Section 4.19 Information in the Proxy Statement. The Proxy Statement (and any amendment thereof or supplement thereto), as of the date mailed to the Company’s stockholders and as of the time of any meeting of the Company’s stockholders to be held in connection with the Merger, will not contain any untrue statement of a material fact or omit to state any material fact required to be stated therein or necessary in order to make the statements made therein, in light of the circumstances under which they were made, not misleading. The Proxy Statement (and any amendment thereof or supplement thereto) will comply as to form in all material respects with the provisions of the Exchange Act and any other applicable federal securities Laws. The representations and warranties contained in this Section 4.19 will not apply to statements or omissions included or incorporated by reference in the Proxy Statement based upon information supplied by Parent, Merger Sub or any of their respective Representatives.

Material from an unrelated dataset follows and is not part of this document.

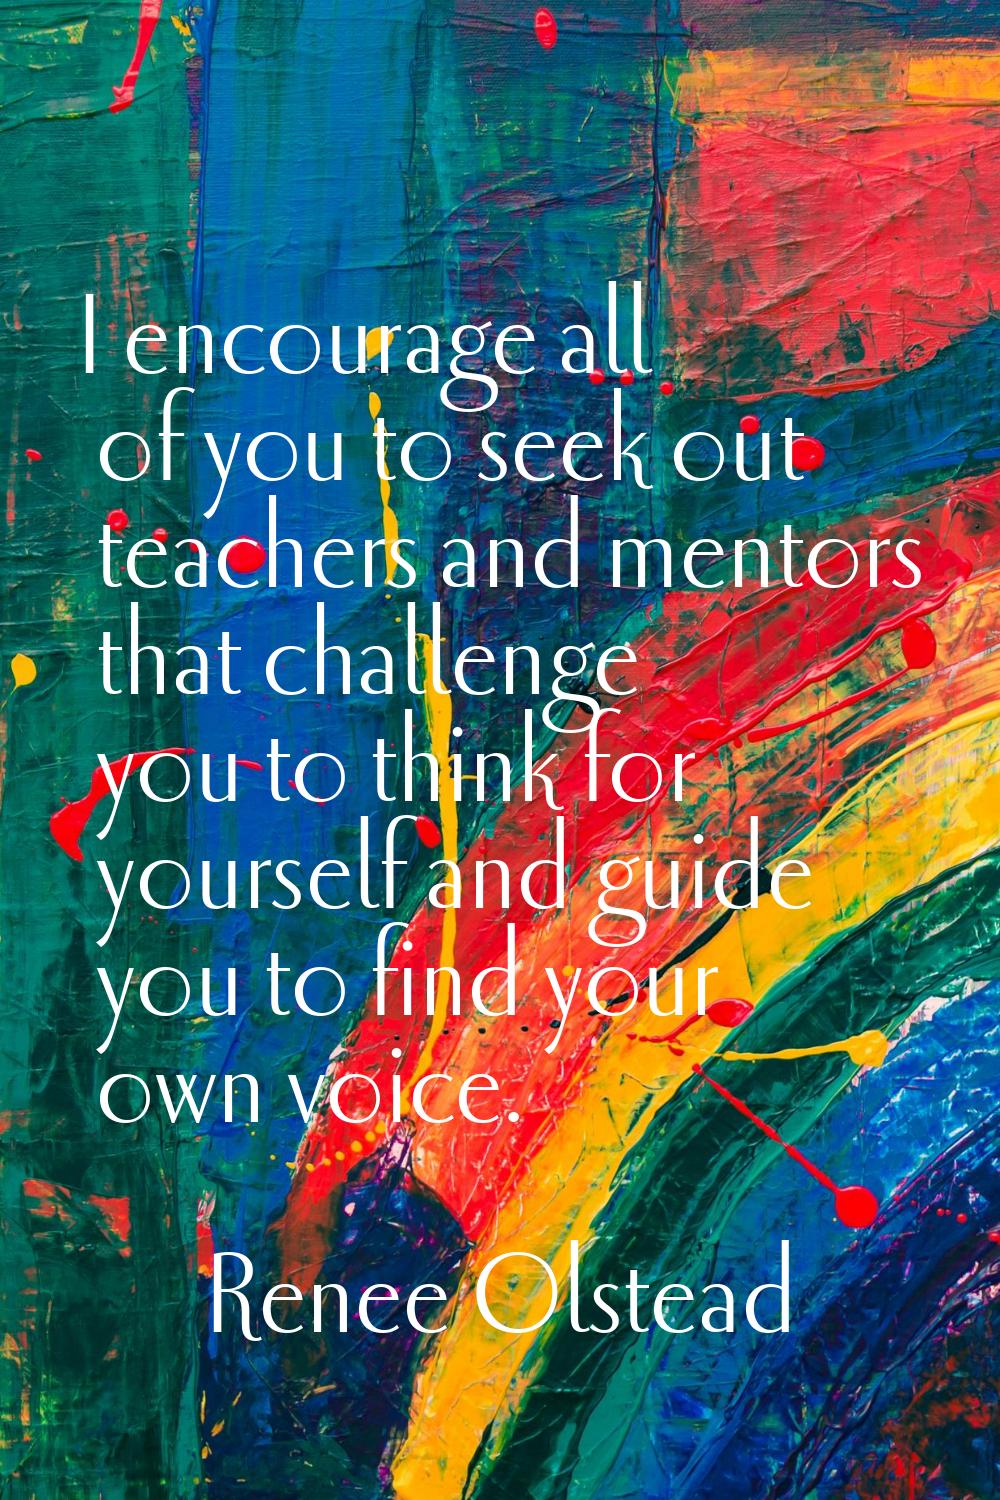 I encourage all of you to seek out teachers and mentors that challenge you to think for yourself an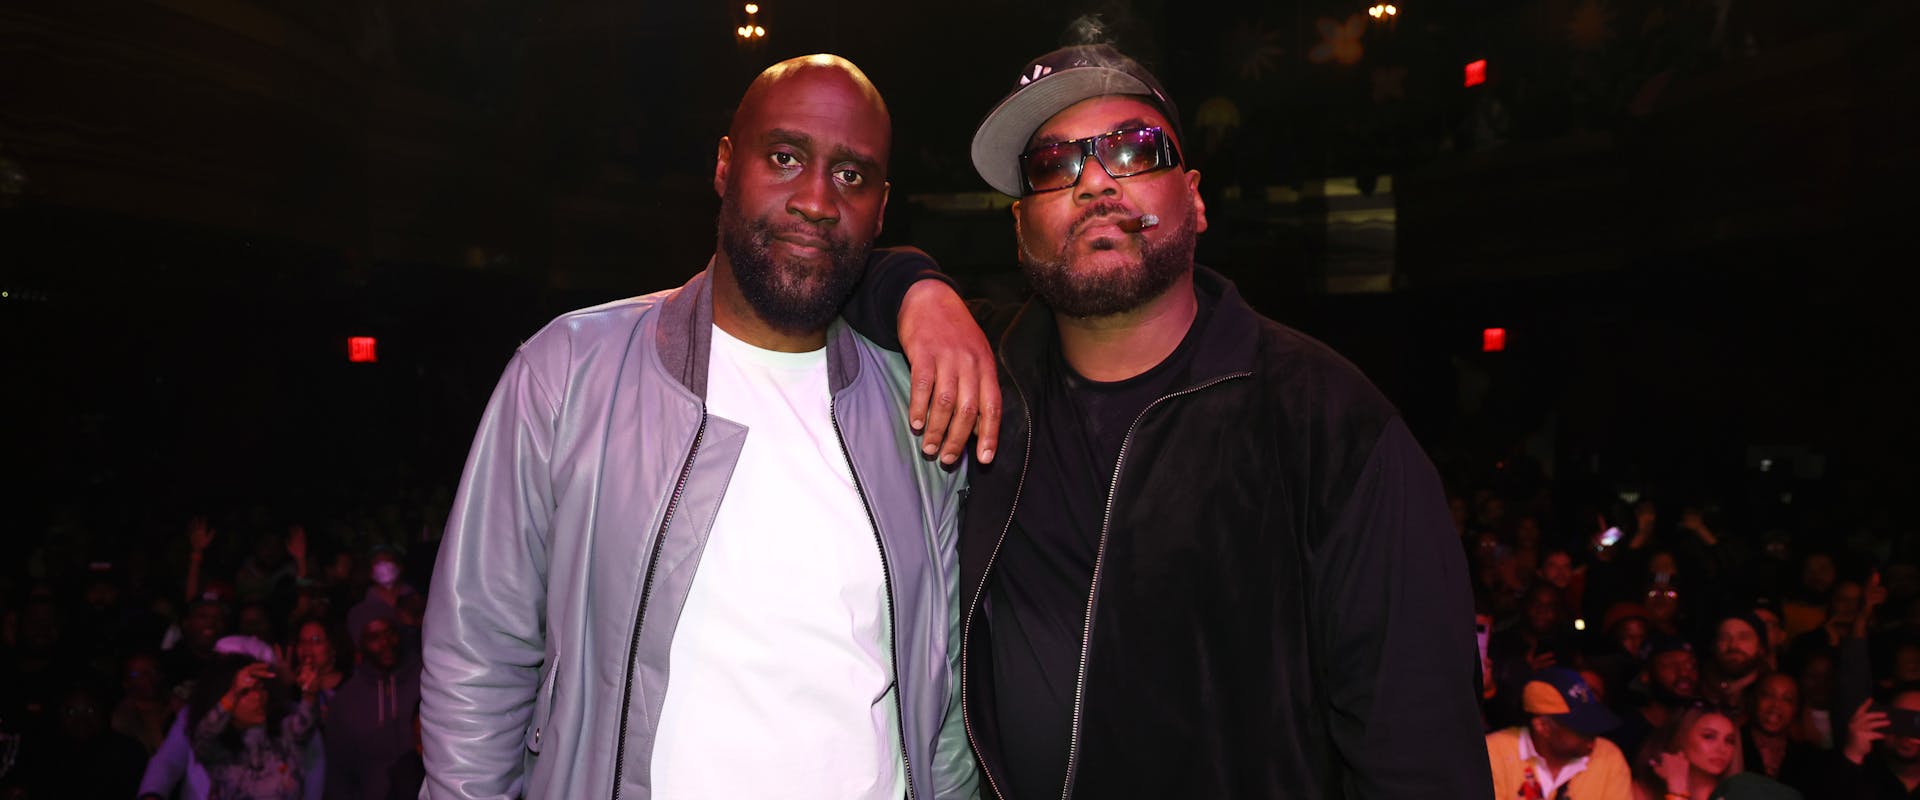 NEW YORK, NEW YORK - MARCH 02: (L-R) Kelvin "Posdnuos" Mercer and Vincent "Maseo" Mason of De La Soul pose onstage at De La Soul’s The DA.I.S.Y. Experience, produced in conjunction with Amazon Music, at Webster Hall on March 02, 2023 in New York City.

Section 4.20 Takeover Statutes. Assuming the accuracy of the representations and warranties set forth in Section 5.11, the Company Board has adopted such resolutions and taken all such other actions as are necessary to render inapplicable to this Agreement, the Merger and any of the Transactions, the restrictions on “business combinations” (as defined in Section 203 of the DGCL) as set forth in Section 203 of the DGCL. Other than Section 203 of the DGCL, no “business combination,” “fair price,” “moratorium,” “control share acquisition” or other similar anti-takeover statute or regulation under the laws of the State of Delaware or other Applicable Laws is applicable to the Company, the Merger or any of the Transactions.
Section 4.21 Required Vote. The Required Company Stockholder Approval is the only vote of the holders of any of the Company Capital Stock necessary to adopt this Agreement and approve the Merger and the other Transactions.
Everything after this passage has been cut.